### [Input data]
((

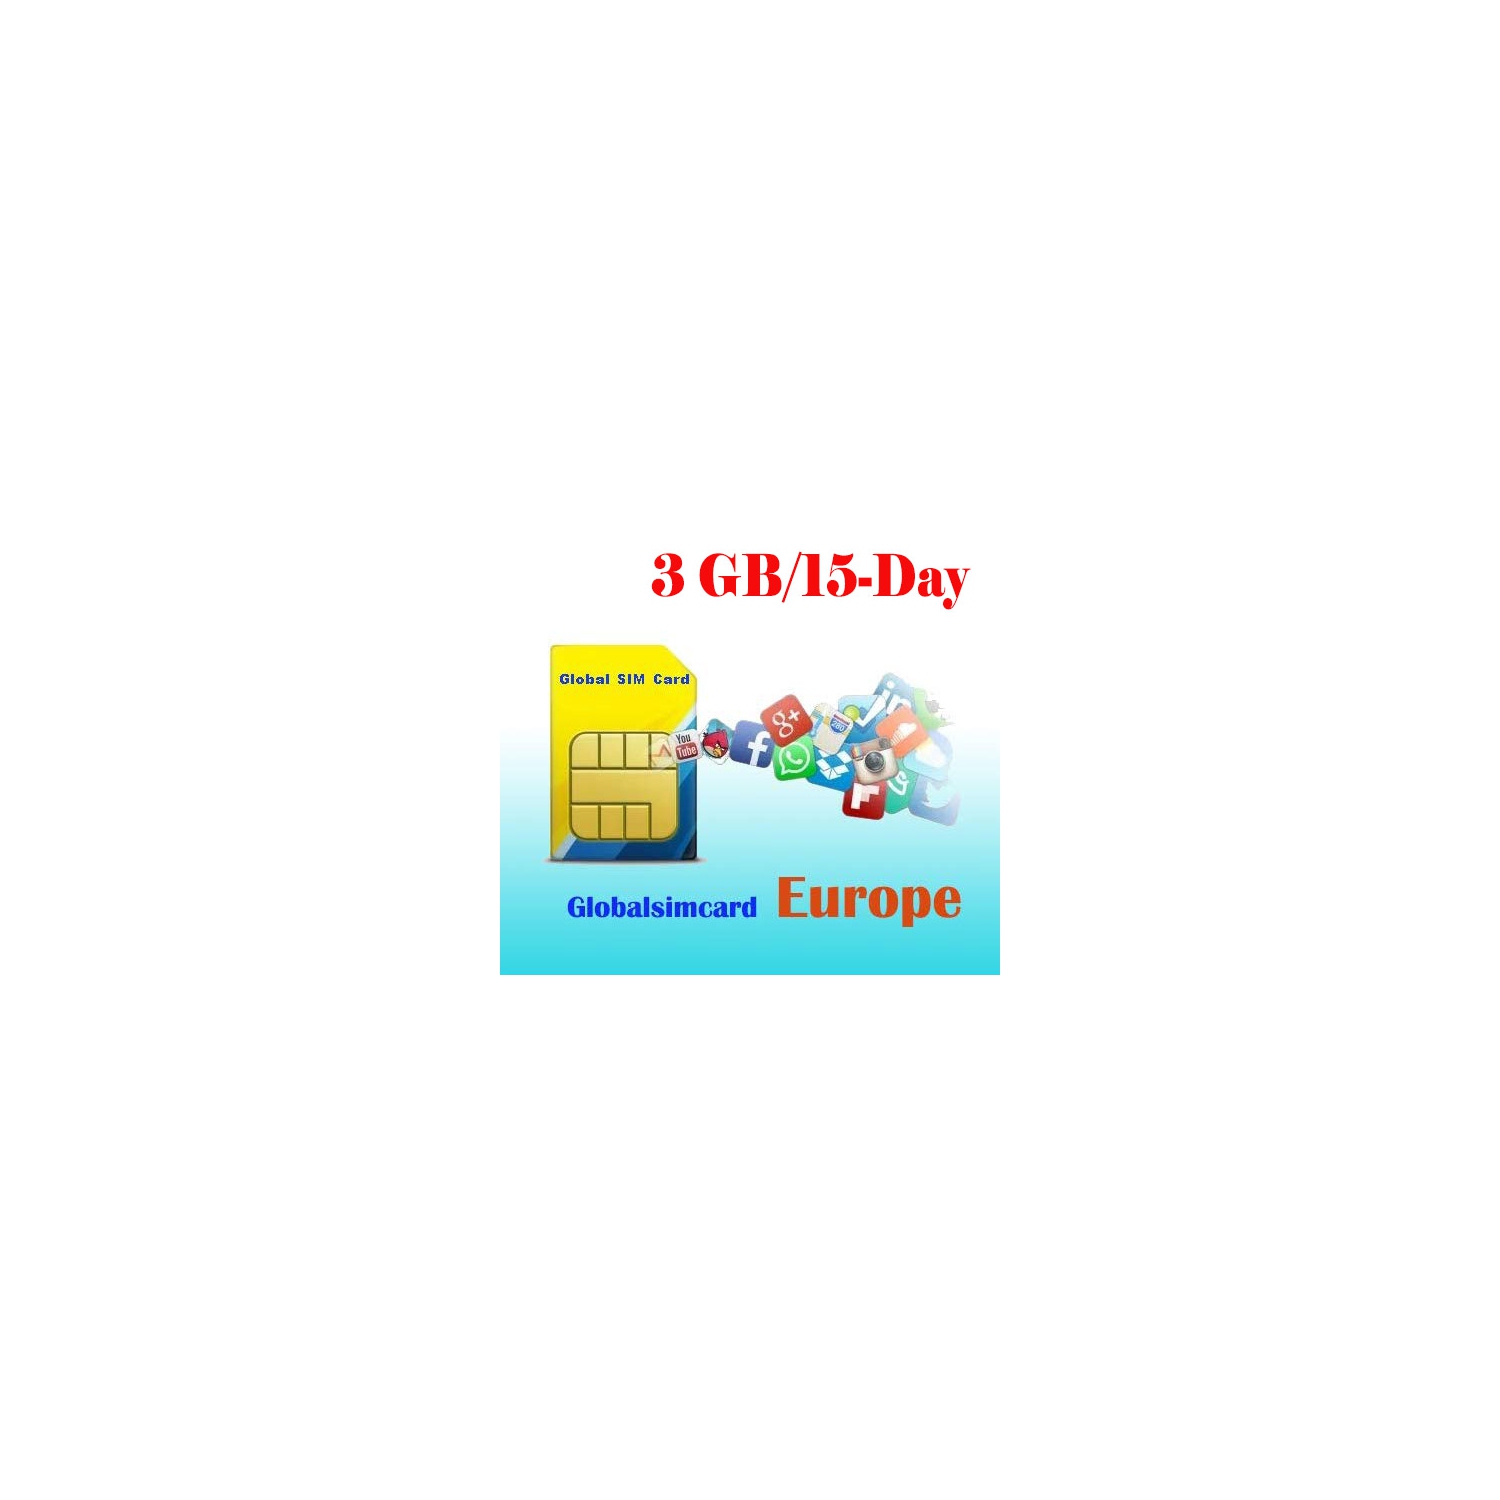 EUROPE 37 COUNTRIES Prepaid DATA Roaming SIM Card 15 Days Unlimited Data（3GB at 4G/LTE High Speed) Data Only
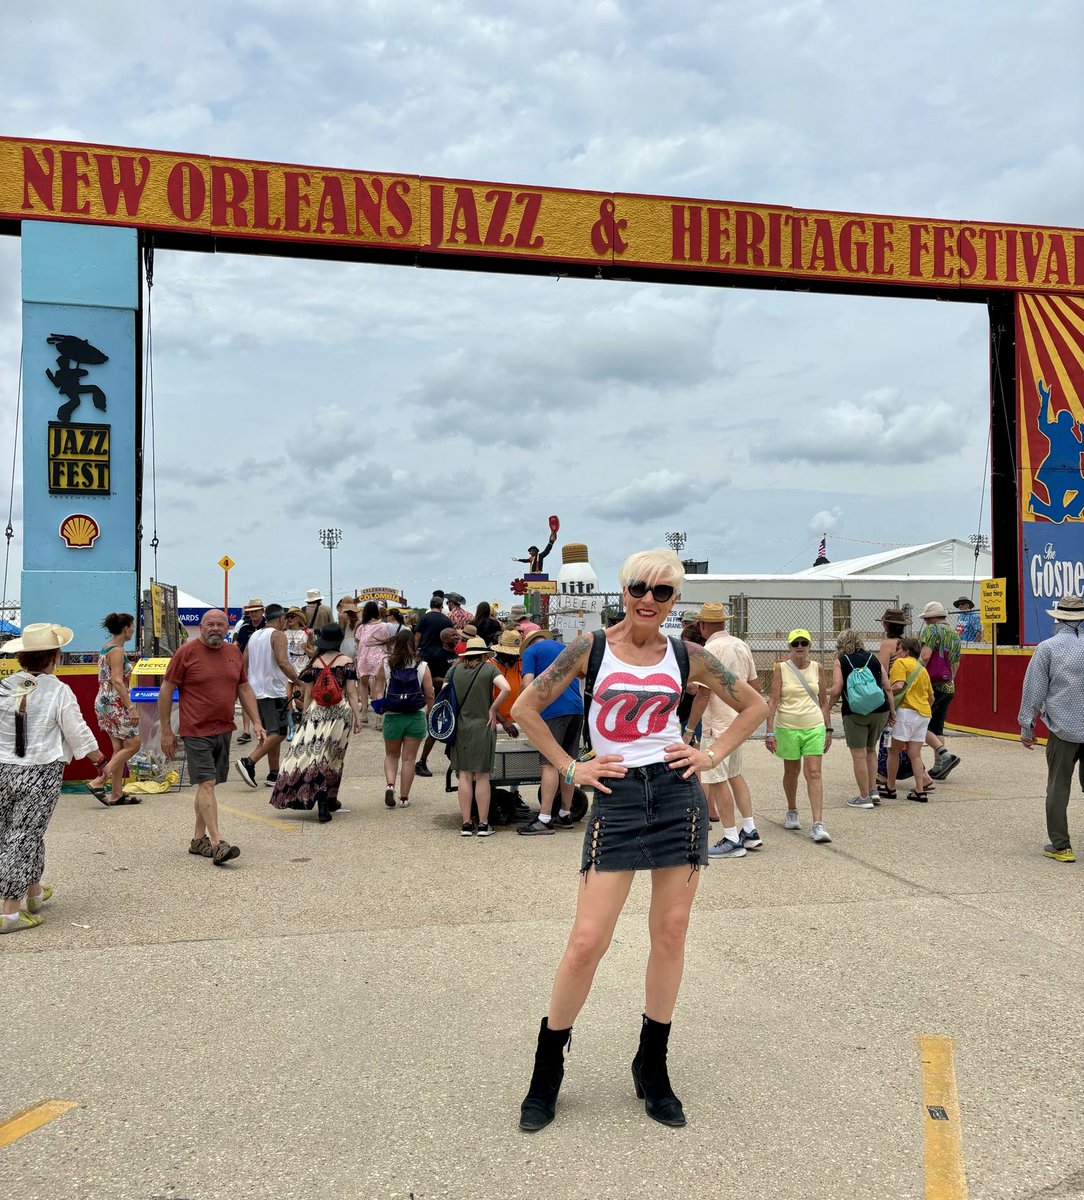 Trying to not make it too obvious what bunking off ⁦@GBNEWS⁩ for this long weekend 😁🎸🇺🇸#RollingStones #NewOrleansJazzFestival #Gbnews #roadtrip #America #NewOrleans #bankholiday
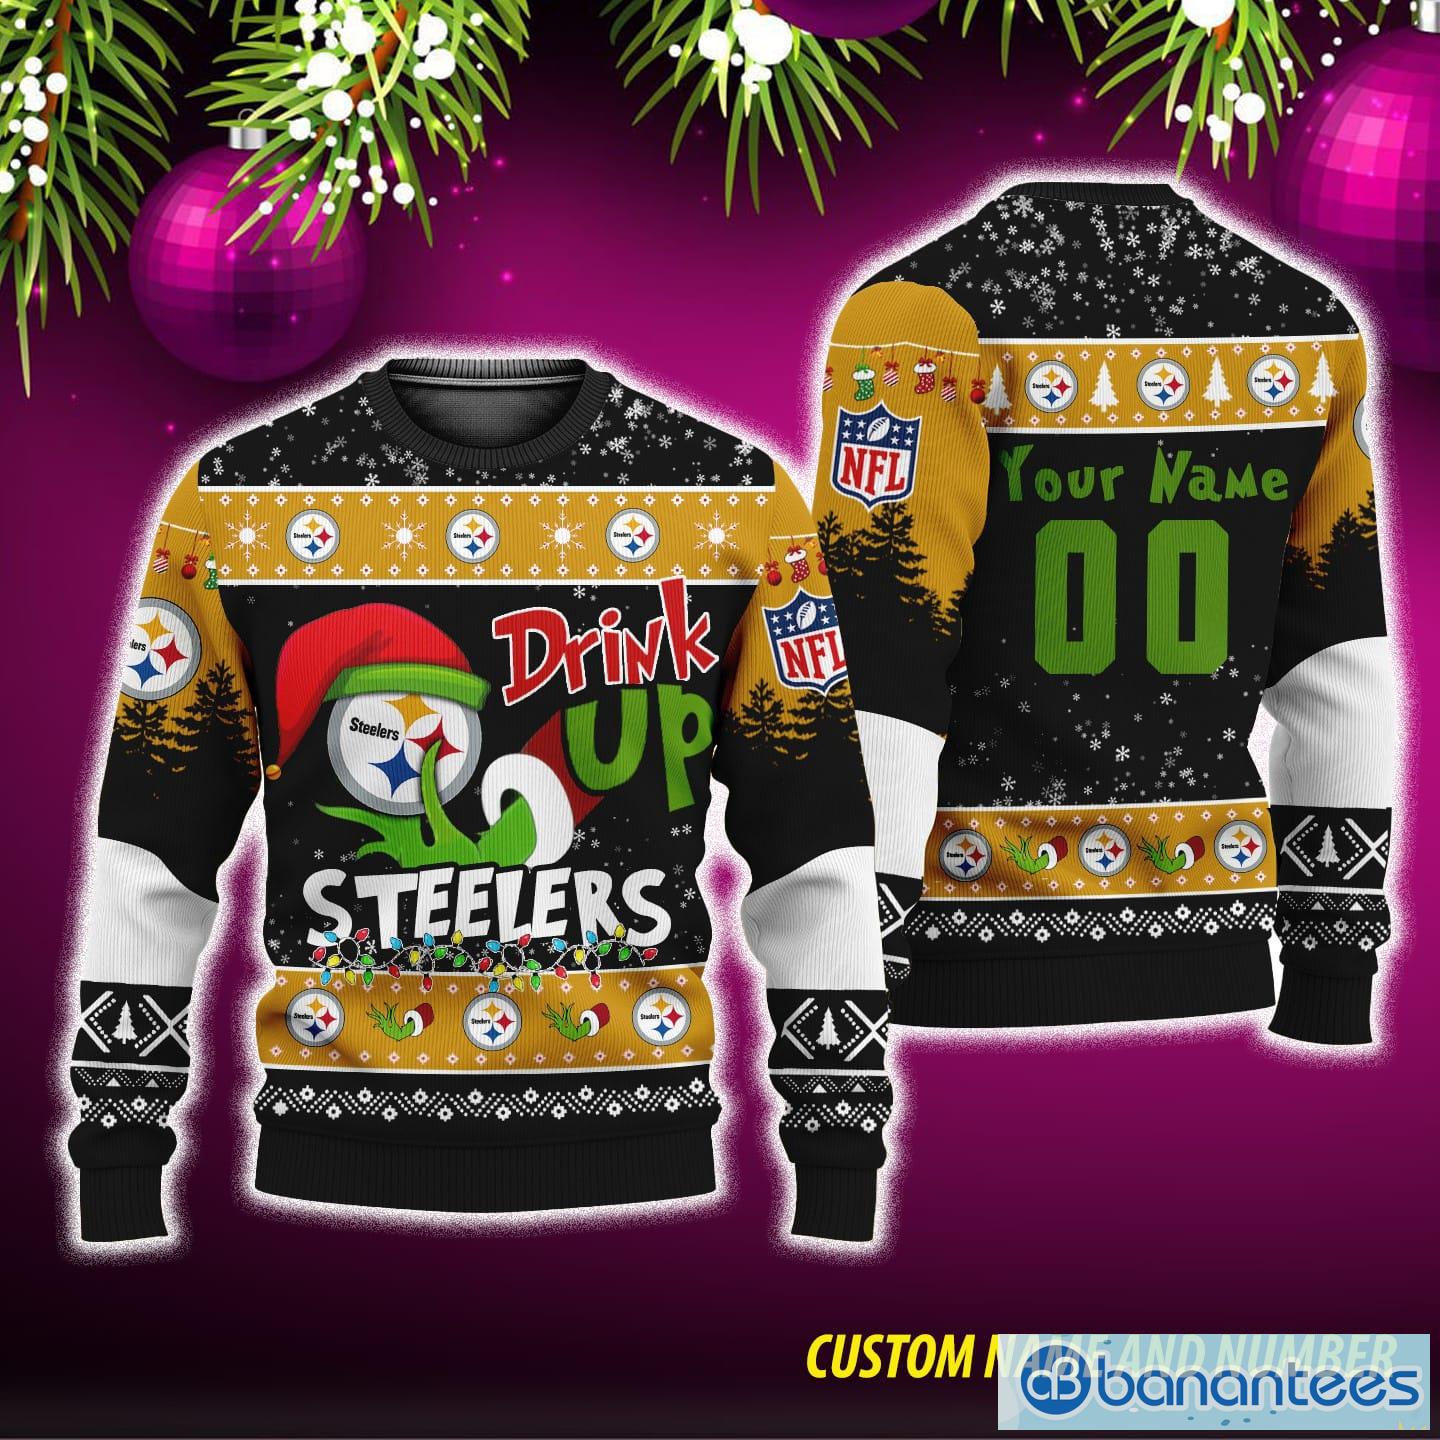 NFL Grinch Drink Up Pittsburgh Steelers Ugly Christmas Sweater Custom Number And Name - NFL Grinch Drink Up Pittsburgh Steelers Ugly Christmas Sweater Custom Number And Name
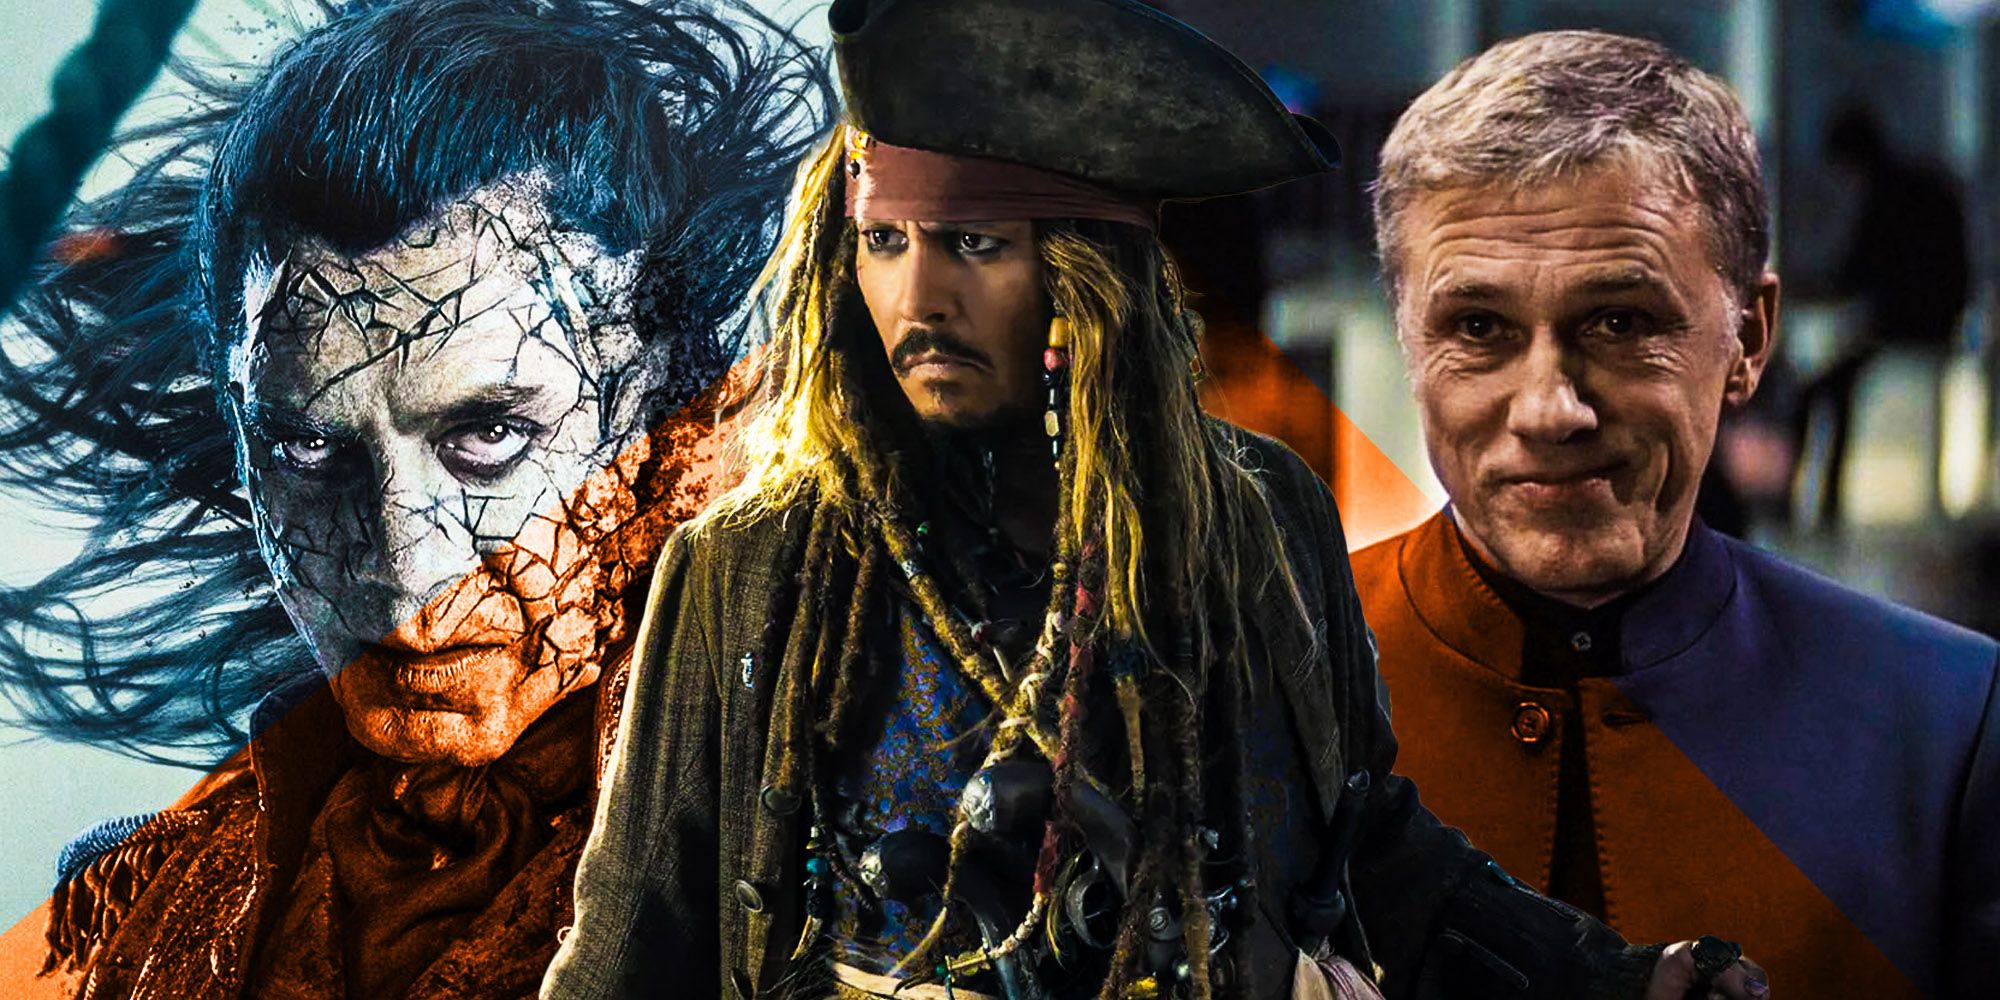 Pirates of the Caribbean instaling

))

### [Task details]
Starting at the first line of the material above and ending with the line that contains "Trying to not", reproduce every line exactly, and leave out the pictures.

### [Output]
 EUROPE 37 COUNTRIES Prepaid DATA Roaming SIM Card 15 Days Unlimited Data（3GB at 4G/LTE High Speed) Data Only
 Trying to not make it too obvious what bunking off ⁦@GBNEWS⁩ for this long weekend 😁🎸🇺🇸#RollingStones #NewOrleansJazzFestival #Gbnews #roadtrip #America #NewOrleans #bankholiday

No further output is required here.